0
votes

I have the below XML structure as input

<dataexport>
<header>
     <companyinfo>
     <companyid> 100 </companyid>
     <companyname>ABC Corp</companyname>
     </companyinfo>
</header>
<deptinfo>
     <electrical>
          <response>
               <deptid> 1 </deptid>
               <totalemp> 200 </totalemp>
               <totalunits> 20 </totalunits>
          </response>
     </electrical>
     <mechanical>
          <response>
               <deptid> 2 </deptid>
               <totalemp> 150 </totalemp>
               <totalunits> 40 </totalunits>
          </response>
     </mechanical>
     <chemical>
          <response>
               <deptid> 3 </deptid>
               <totalemp> 100 </totalemp>
               <totalunits> 20 </totalunits>
          </response>
     </chemical>

The output that i am expecting is

Company ID Company name Dept Dept ID Total emp
100 ABC Corp Electrical 1 200
100 ABC Corp Mechanical 2 150
100 ABC Corp Chemical 3 100

The design approach I went with was as below -

enter image description here

tXMLMap component has been configured like below -

enter image description here

With this approach, I was able to get only one output and am unable to combine results of deptinfo_electrical, deptinfo_mechanical and deptinfo_chemical into one dataflow to load to a snowflake table.

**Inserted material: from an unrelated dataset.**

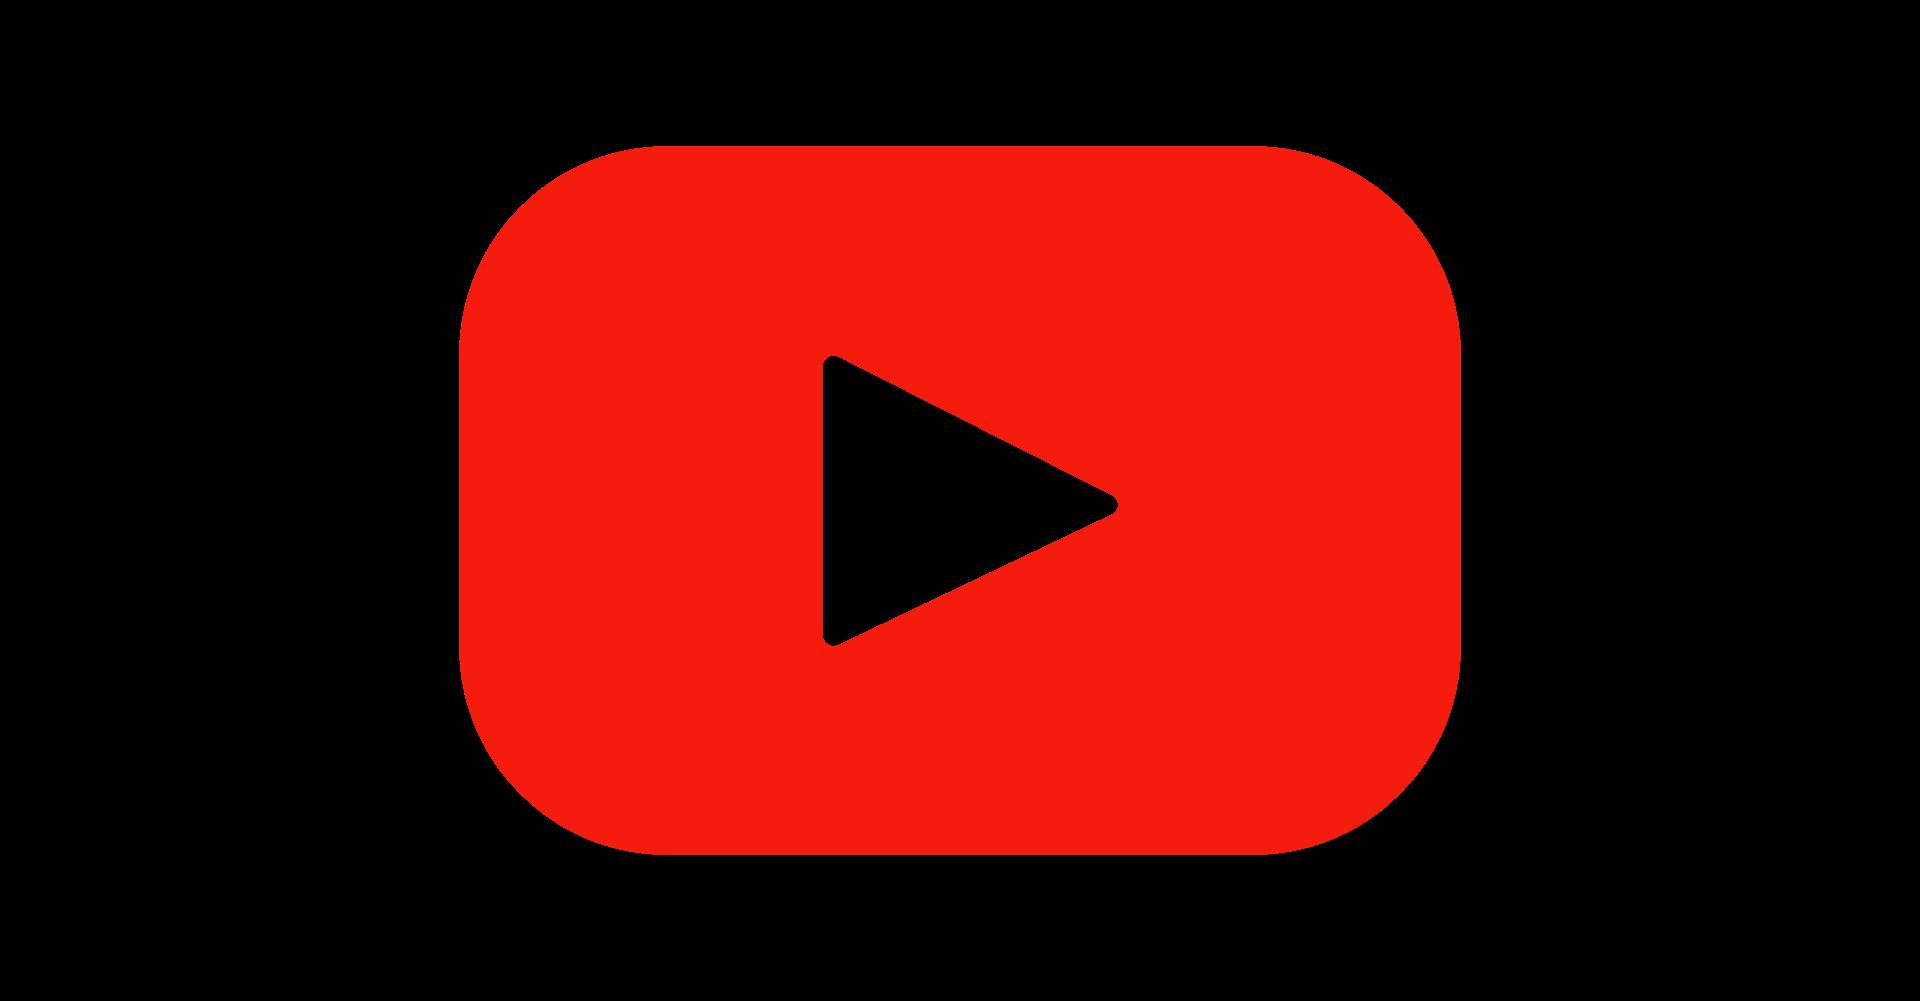 עמוד YouTube - מכללת BPM

Please advise what design approach can be used here.

1

1 Answers

0
votes

so using thia CTE with you data in it, in snowflake:

with data as (
    select parse_xml('<dataexport>
    <header>
         <companyinfo>
         <companyid> 100 </companyid>
         <companyname>ABC Corp</companyname>
         </companyinfo>
    </header>
    <deptinfo>
         <electrical>
              <response>
                   <deptid> 1 </deptid>
                   <totalemp> 200 </totalemp>
                   <totalunits> 20 </totalunits>
              </response>
         </electrical>
         <mechanical>
              <response>
                   <deptid> 2 </deptid>
                   <totalemp> 150 </totalemp>
                   <totalunits> 40 </totalunits>
              </response>
         </mechanical>
         <chemical>
              <response>
                   <deptid> 3 </deptid>
                   <totalemp> 100 </totalemp>
                   <totalunits> 20 </totalunits>
              </response>
         </chemical>
    </deptinfo>
    </dataexport>') as xml
)

this select gets you the values you want:

select xml
    ,xmlget(xmlget(xml,'header',0), 'companyinfo', 0) as comp
    ,get(xmlget(comp, 'companyid'),'$') as companyid
    ,get(xmlget(comp, 'companyname'), '$') as companyname
    ,get(d.value, '@') as depm
    ,xmlget(d.value, 'response') as r
    ,get(xmlget(r, 'deptid'),'$') as deptid
    ,get(xmlget(r, 'totalemp'), '$') as totalemp
    --,d.*
from data,
 LATERAL FLATTEN(GET(xmlget(xml,'deptinfo',0), '$')) d
         

so that is the form of the transformation you are wanting todo.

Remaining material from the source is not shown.